Exercise goal >> With the images excluded, set down every line of the listing below exactly.

Supplied data >>

☆ ☆ ☆ ☆ ☆ ☆ ☆

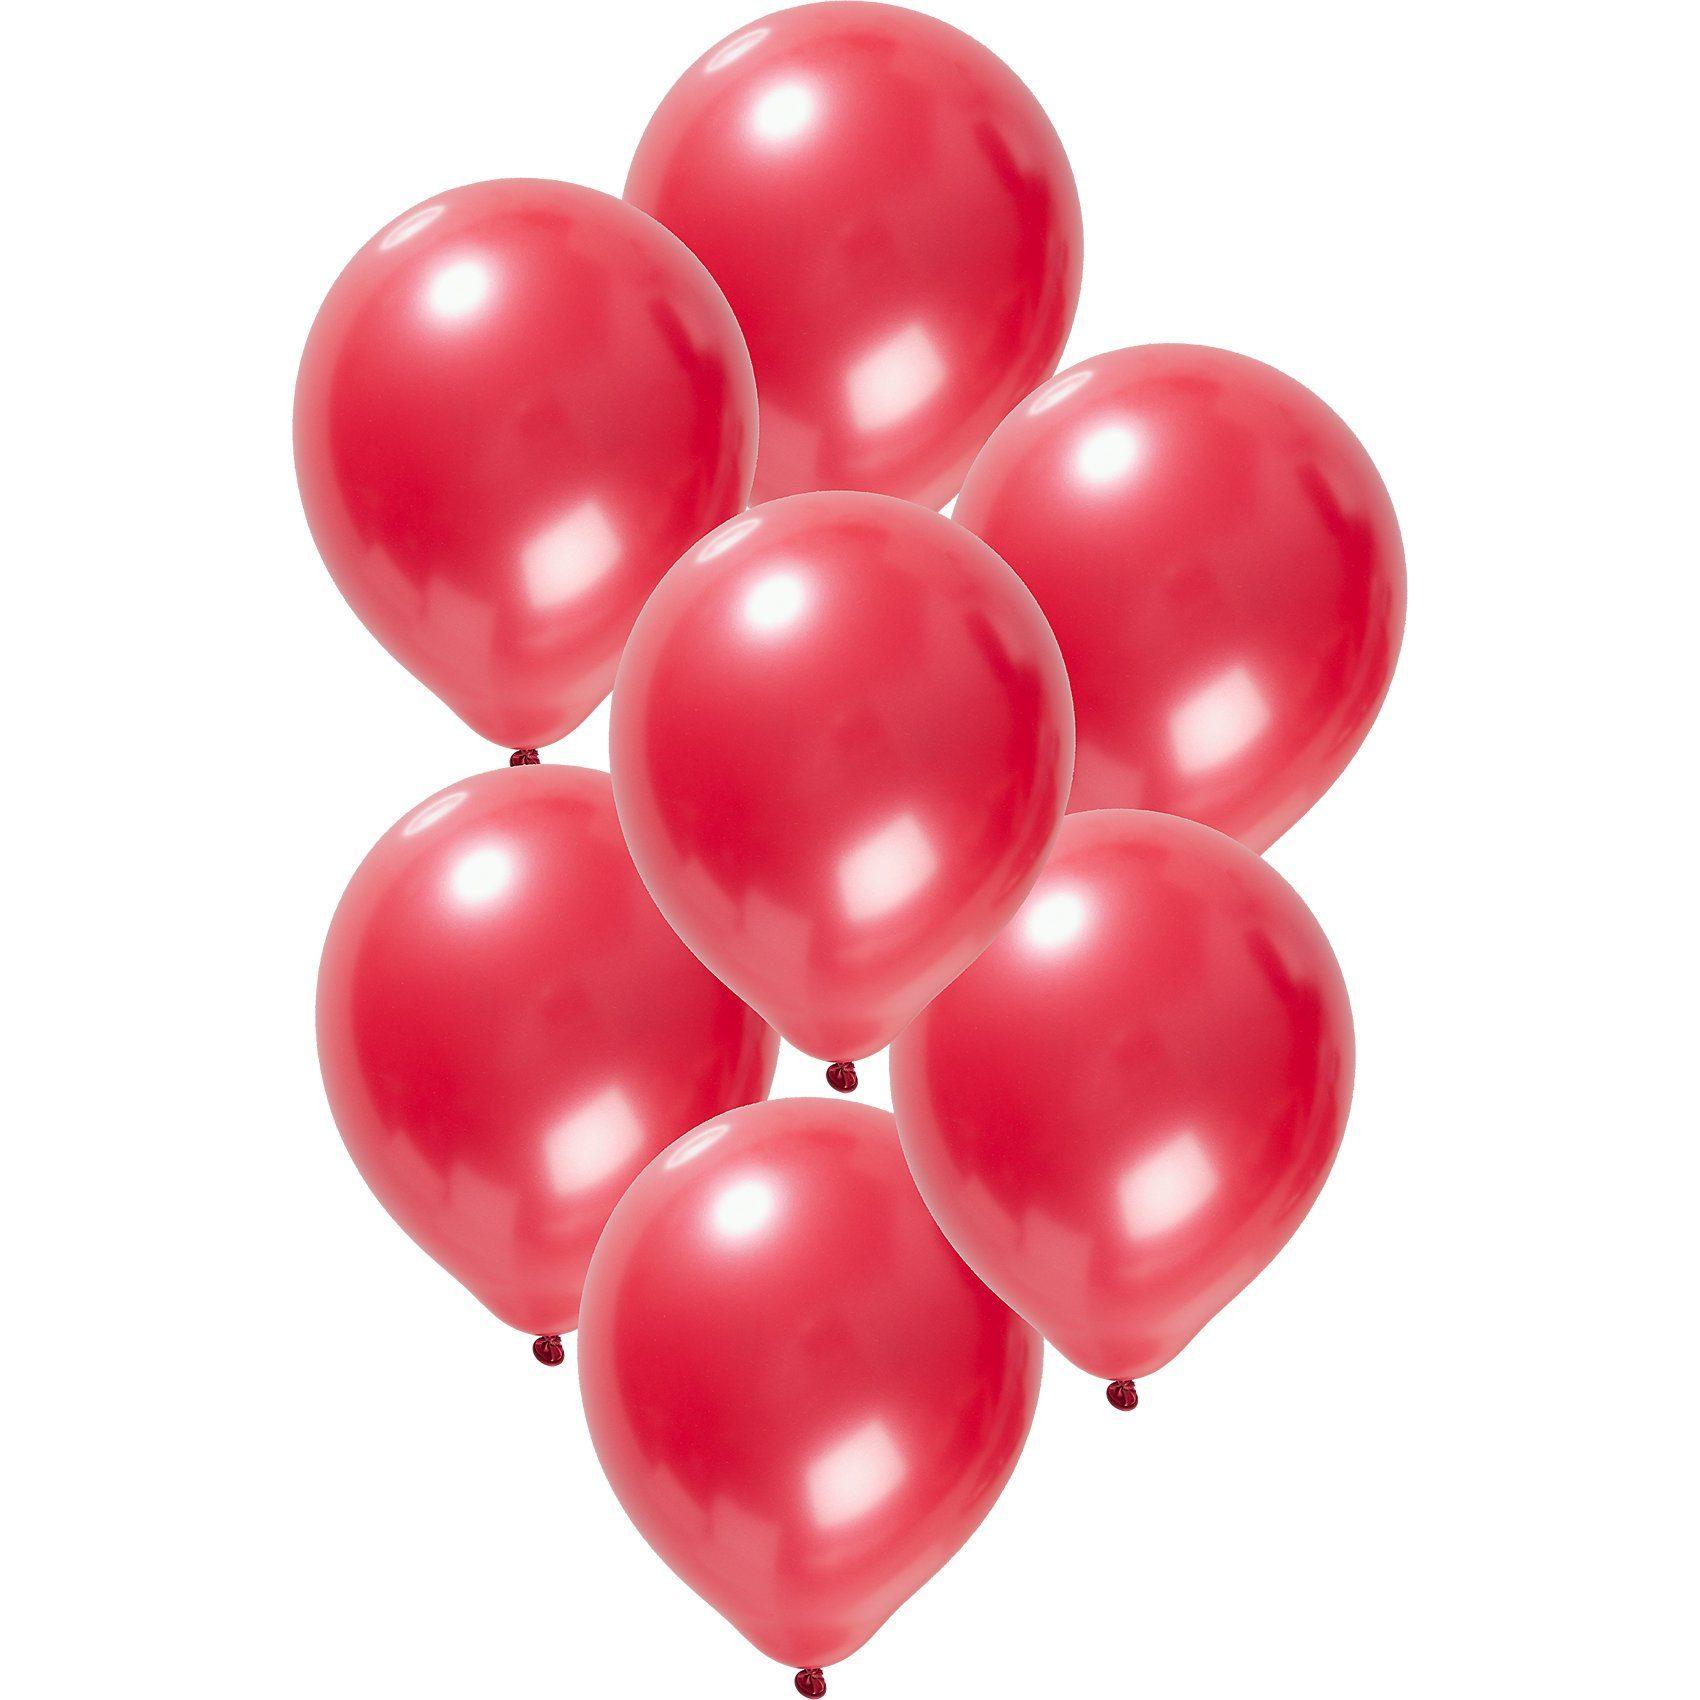 Luftballons metallic rot 30 cm, 50 Stück
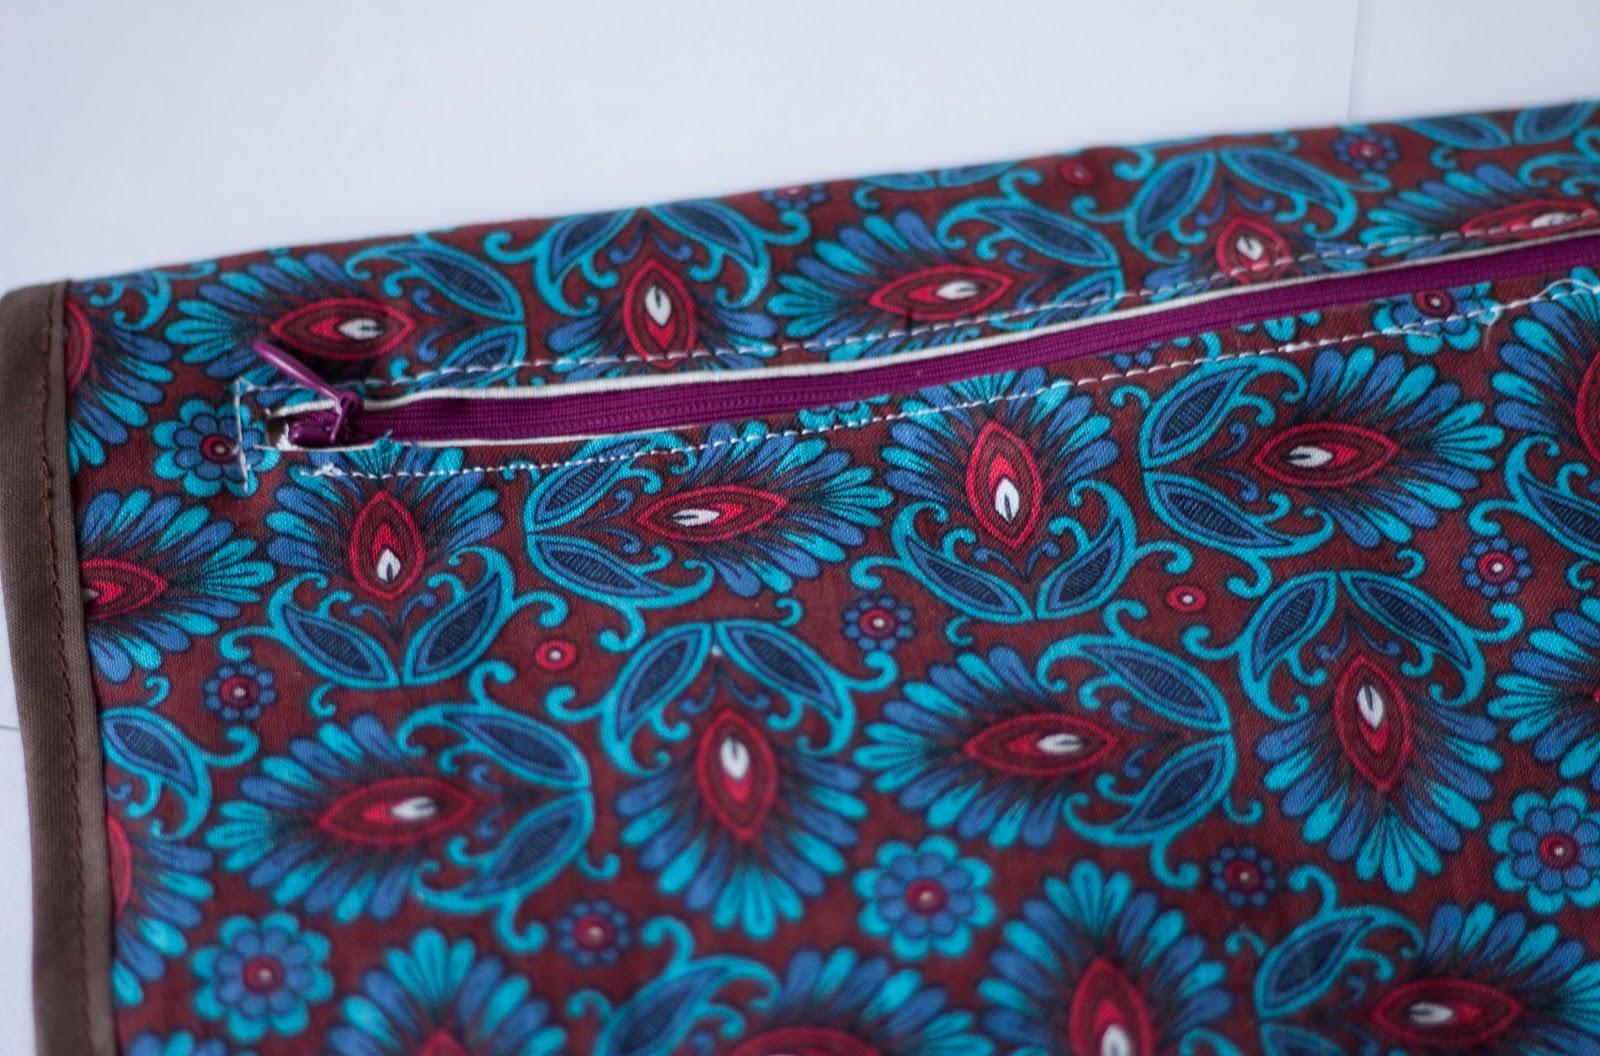 aufbewahrung rundstricknadeln diy selber nähen knit pro
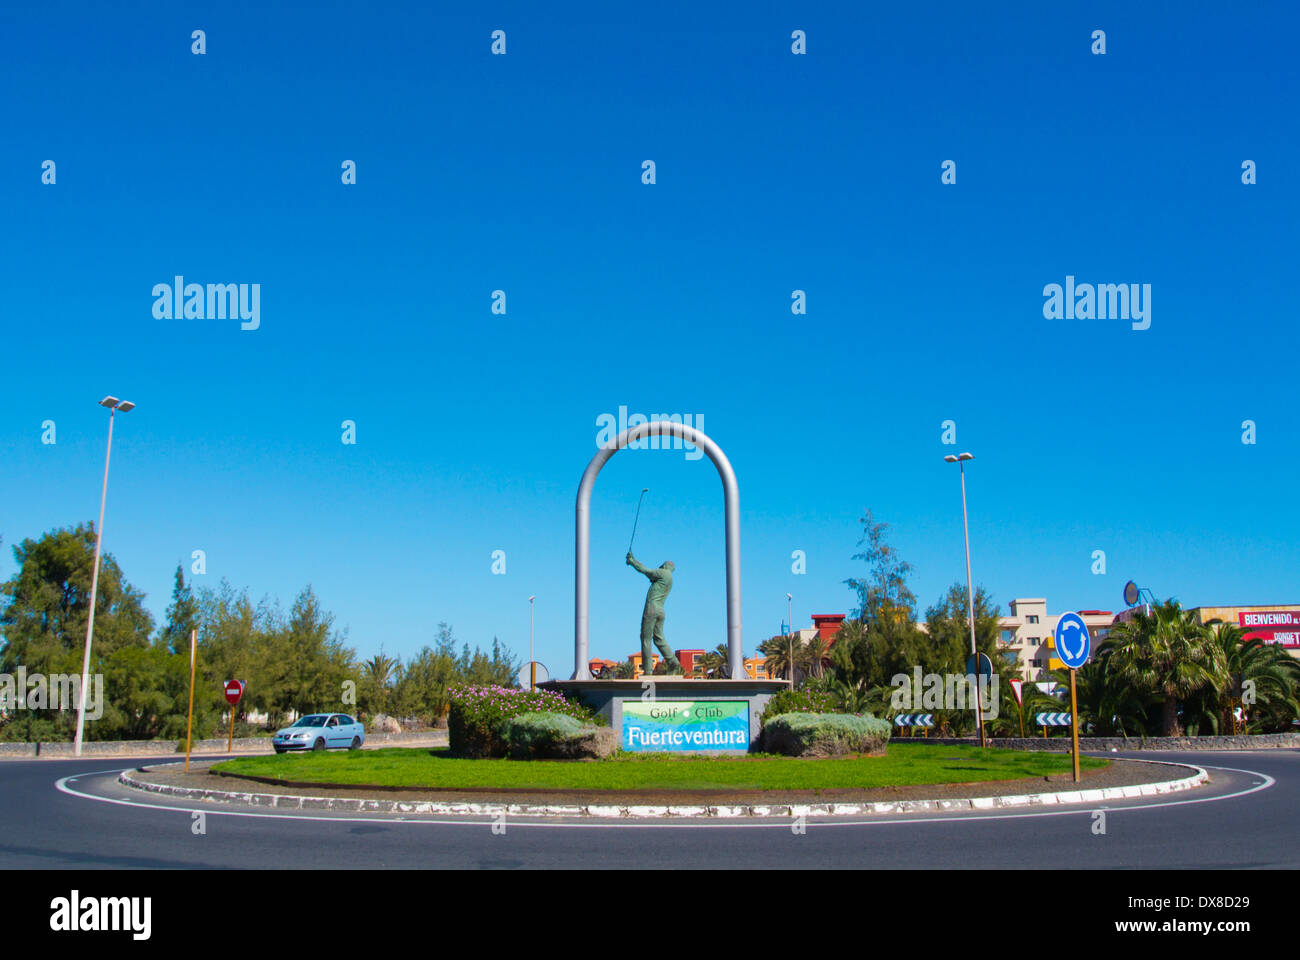 Golf club advert in a roundabout, Caleta de Fuste, Fuerteventura, Canary Islands, Spain, Europe - Stock Image

☆ ☆ ☆ ☆ ☆ ☆ ☆

Exercise answer >>
 Luftballons metallic rot 30 cm, 50 Stück
 aufbewahrung rundstricknadeln diy selber nähen knit pro
 Golf club advert in a roundabout, Caleta de Fuste, Fuerteventura, Canary Islands, Spain, Europe - Stock Image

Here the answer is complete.